Mauro Lovi. Sites for Real Fairy-Tales

Maurizio Vanni

The tree, symbol of continously evolving life and the rise towards the infinite, evokes the cyclical nature of cosmic transformation: death, re-generation and re-birth. In the imagination of every person lucky enough to live in thickly wooded territories, dense with underbrush and forests, the tree represents the protection afforded by a house built among its branches, or the goalposts in a football game, shelter from a sudden rain, the smell of nature in its essence and a hymn to life through its potent vitality. Mauro Lovi, in this work-cycle, has appropriated wood not only as a prized palimpsest, but as an active painting surface for several compositions in which trees, especially poplars, are the undiscussed and indisputable protagonists. In many of his works, in fact, the plant’s realism is rendered by removing the subject from its surface through the building up of the background. The wooden painting surface is so self-referential that Lovi leaves it as is, in its natural color, contaminating it only to accentuate its relationship to the truth. Chestnut-groves, forests and woods: everything seems to be structured around absence: of figures, of certain color-schemes, of traditional shading, of academic line and the illusion of perspective. Soon, however, we realize how much Lovi assigns to each of us an active and fundamental role, that we may participate in his work. Every composition, in fact, opens itself to the viewer as a land to conquer, an existential moment to share, a suffocated shout to be perceived: a journey of discovery and re-discovery designed to lead every visitor from the woods to the clearing, from the dark shadows of the thicket into sunlight, from the labyrinth of a wild poplar-grove to the soul’s salvation.
According to Greek mythology, the poplar tree was sacred to Hericles: when the hero descended to the underworld, he made himself a crown of poplar boughs. The sides of the leaves turned towards him remained light, while the sides facing out took on the color of smoke. The mythical origin of leaves’ two colors is thus derived, also their symbological meaning: that of every being’s duality.
Mauro Lovi isn’t concerned with the logical analysis of nature. Neither does he ask himself philosophical and existential questions. Each of his works could be considered a tessera in a story-mosaic, a piece of an infinite puzzle which generates and re-generates itself through interaction with the inherent energy of wood. Beginning with the presupposition that Lovi, in this particular body of his work, saves wood from certain death–bringing the plant back to life; perpetuating the wood’s external structure and its soul through his artwork–in several of his painted structures, it’s as though he were suggesting an Ariadne’s Thread that might lead us, more or less directly, to the clearing. Every individual supposedly needs open space to manifest his own being and to rediscover, along with his own interior life, a natural conversation with the forest’s inhabitants. This painter from Lucca proposes a journey which is at once memorial and ideal: only through fantasy can each person engage in dialog with the poplar-grove’s residents, meet the animals who live there and play with the nymphs–taking care, naturally, not to anger Pan.

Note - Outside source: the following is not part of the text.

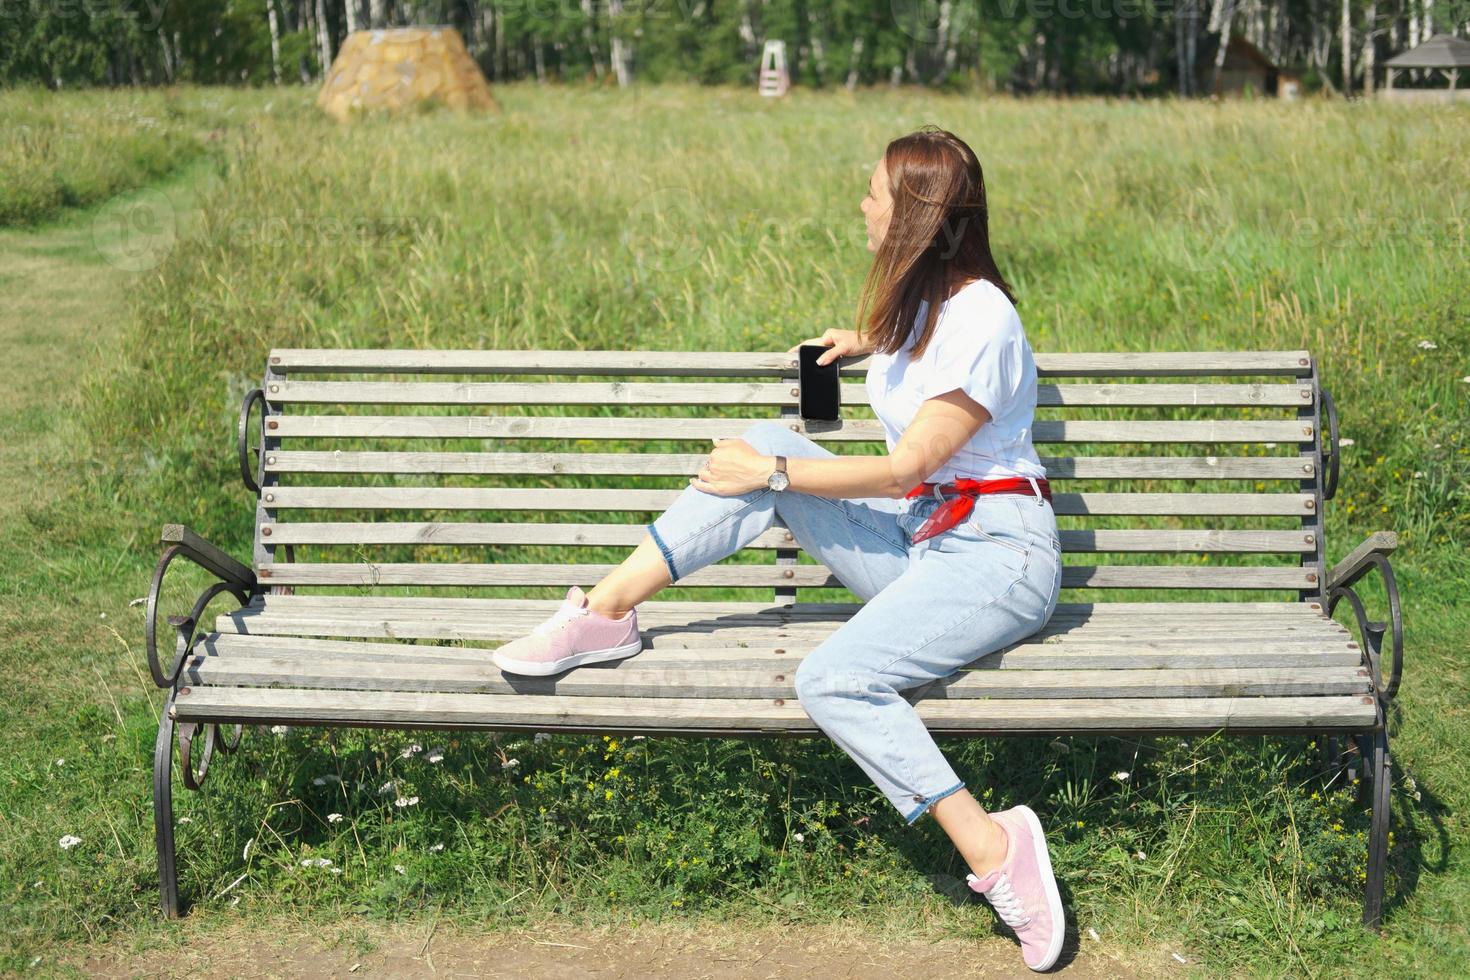 jonge mooie vrouw zittend op een bankje en genieten van aangenaam weer. zijaanzicht. vrouw die opzij kijkt en een smartphone vasthoudt. alleen reizen en lokaal reisconcept foto

The art of our time can’t be enjoyed through sight alone. Lovi’s visual proposals open themselves only to those who wish to experience them emotionally, through the interaction of the five senses. Only then will the gray color-schemes transform themselves into the “vivid candy-colors of Hansel and Gretel’s marzipan house”. The Otto Luogo dell’Arte exhibition space presents itself as an ideal place for enjoyment, like an uncontaminated marzipan house where everything, but also the opposite of everything, is possible. A magical, enchanted place which will occasionally transform itself into a microcosm able to contain fairy-tales and stories, thoughts and states-of-mind, visual poems and concepts fashioned by the hand of man. A privileged space in which the universe’s energies will make each visitor feel like the absolute protagonist of his own existence. Man, author of his own destiny, chooses the forest as protection or escape from the world, chases his own dreams to emerge from the dark forest and exalts the clearing as his existential objective. Lovi wants to tell us a fairy-tale. We have to believe him.